- _What the exercise asks_
Print exactly the lines below between the line containing "seo reseller packages" and the line containing "Pull up to a", counting both of those lines. Leave pictures out.

- _Task data_
++++

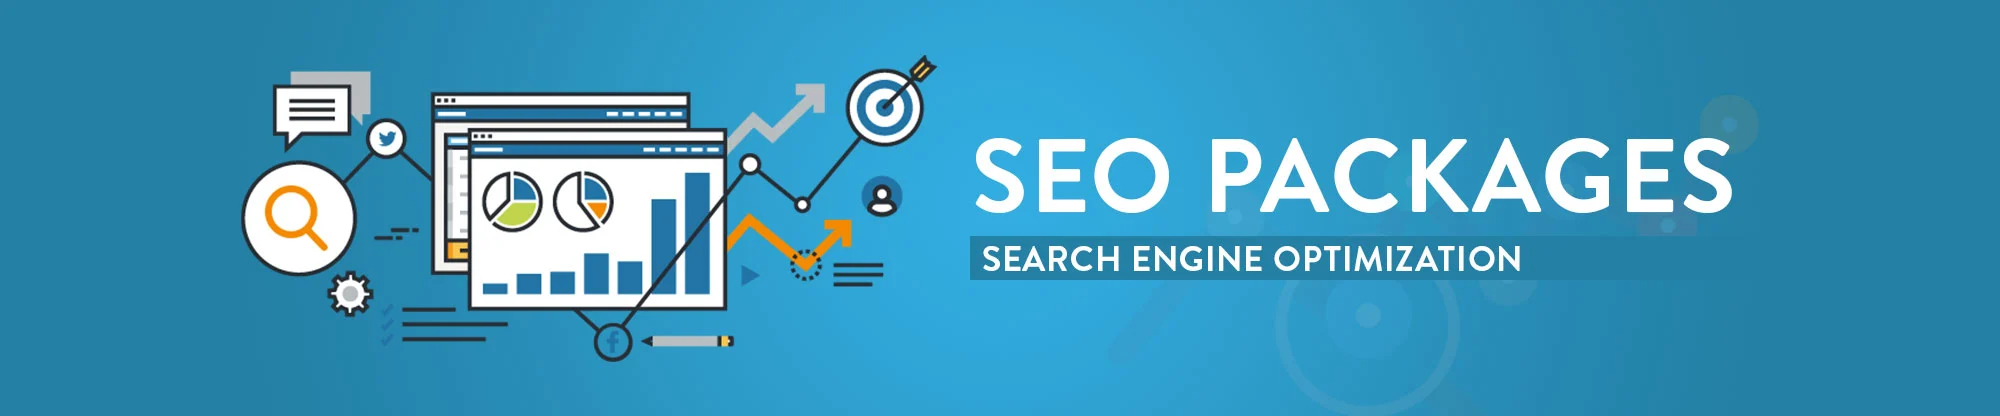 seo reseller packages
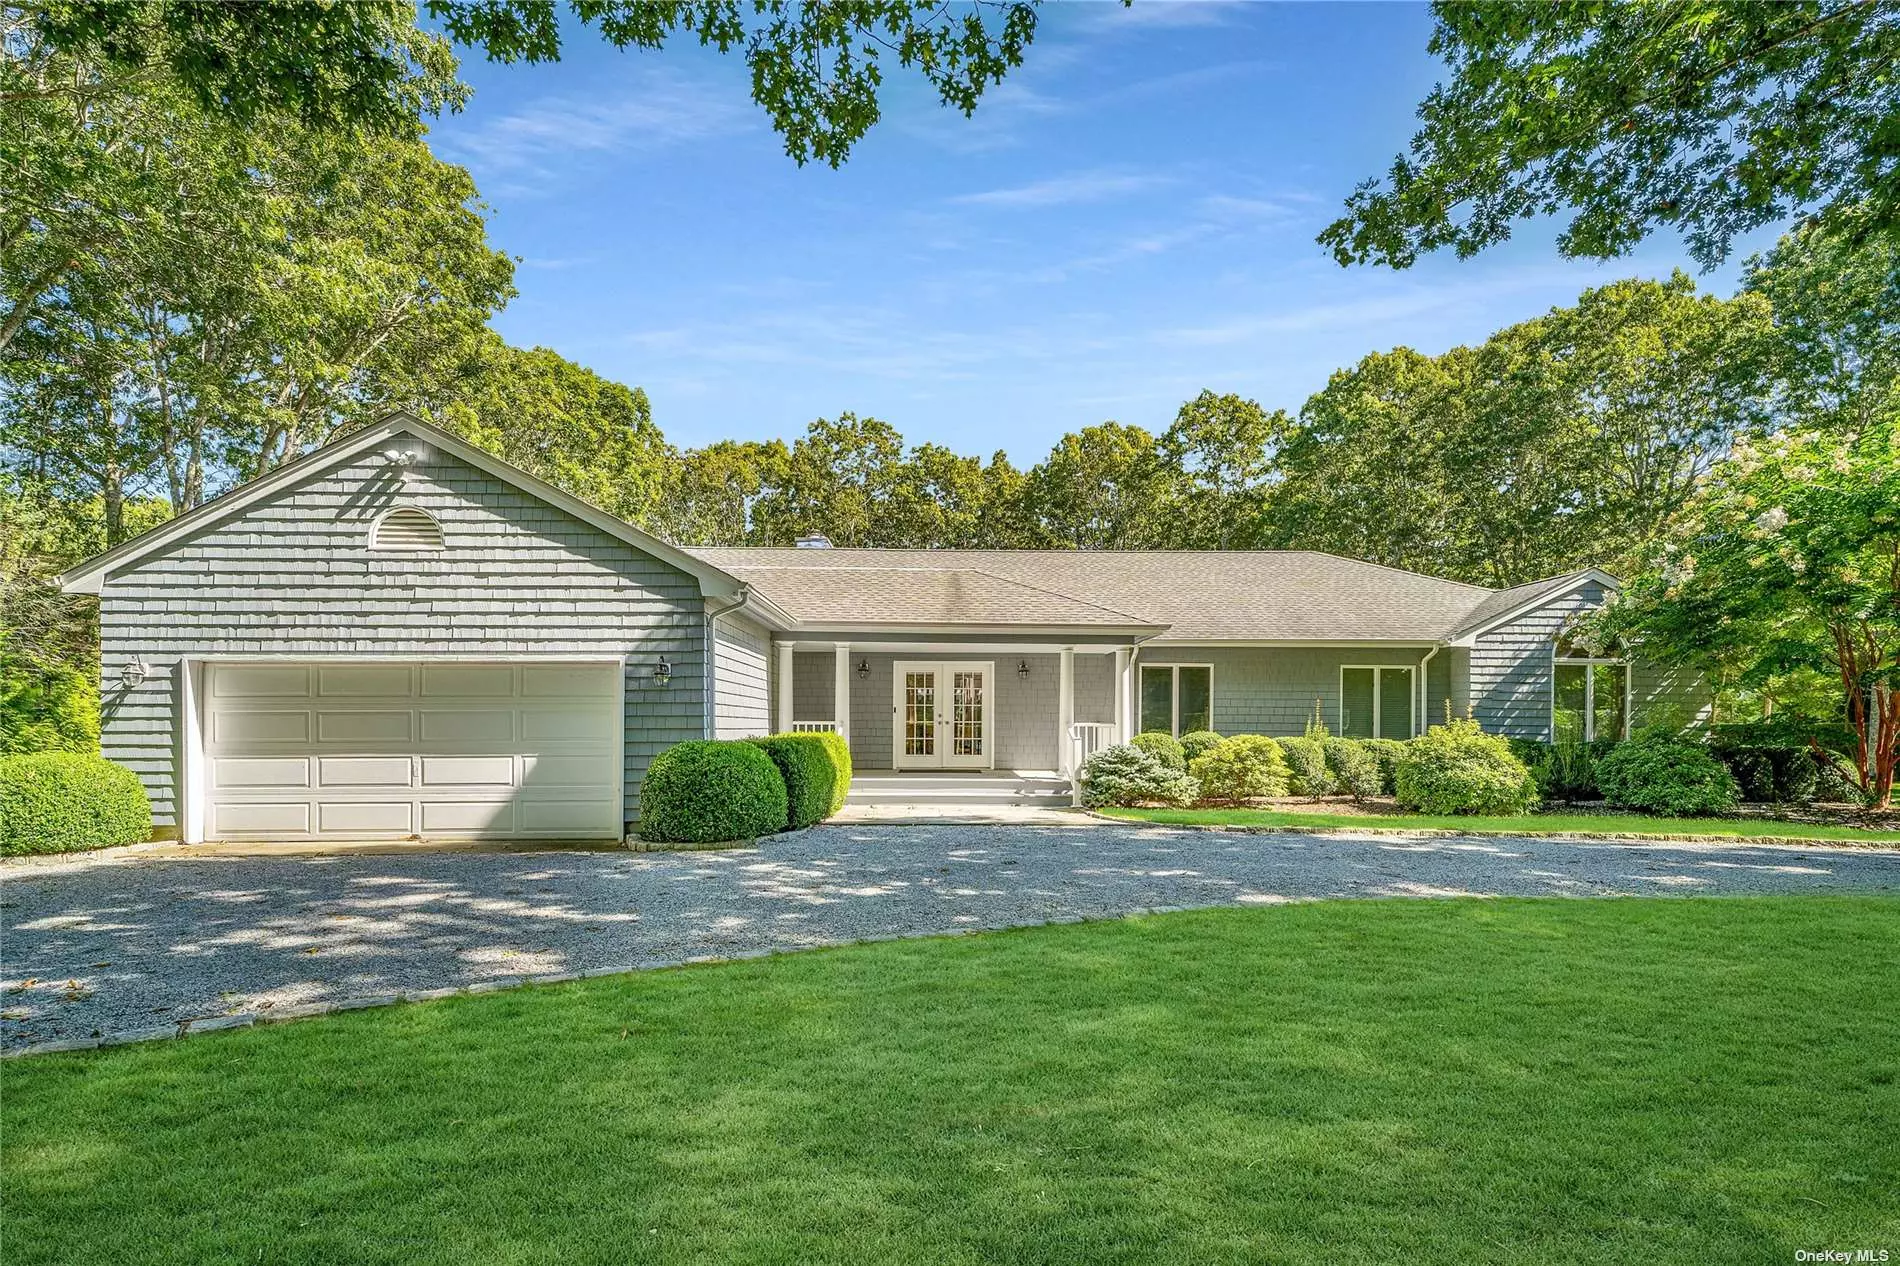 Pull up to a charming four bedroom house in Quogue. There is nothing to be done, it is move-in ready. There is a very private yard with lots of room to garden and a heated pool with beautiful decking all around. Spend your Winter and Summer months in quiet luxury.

++++

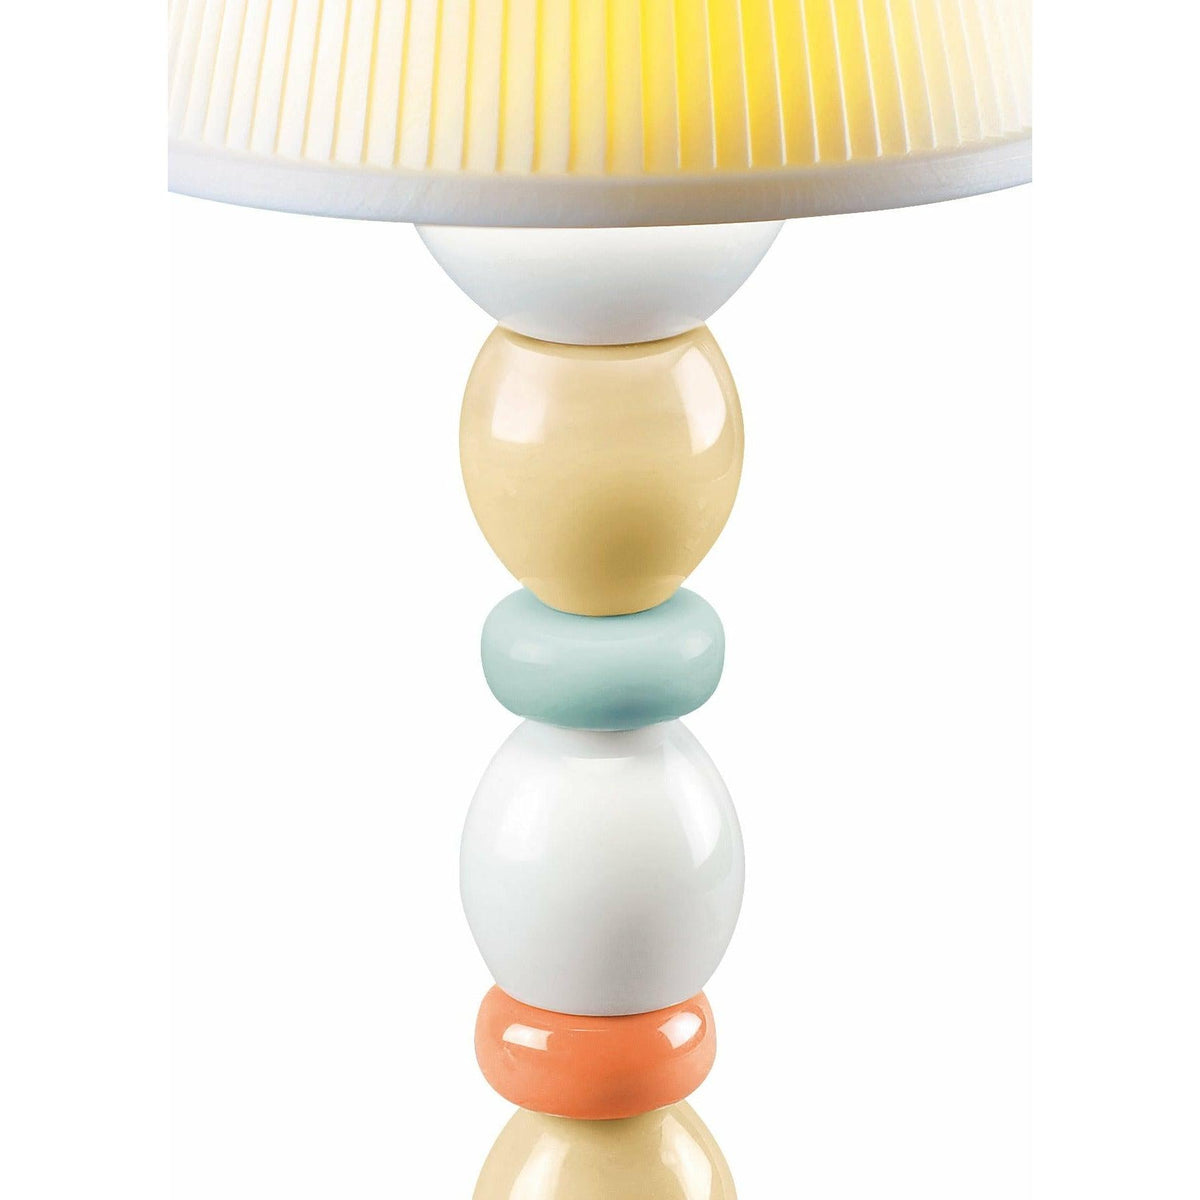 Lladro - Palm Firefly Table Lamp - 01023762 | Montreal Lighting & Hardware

++++

- _Result of the task_
 seo reseller packages
 Pull up to a charming four bedroom house in Quogue. There is nothing to be done, it is move-in ready. There is a very private yard with lots of room to garden and a heated pool with beautiful decking all around. Spend your Winter and Summer months in quiet luxury.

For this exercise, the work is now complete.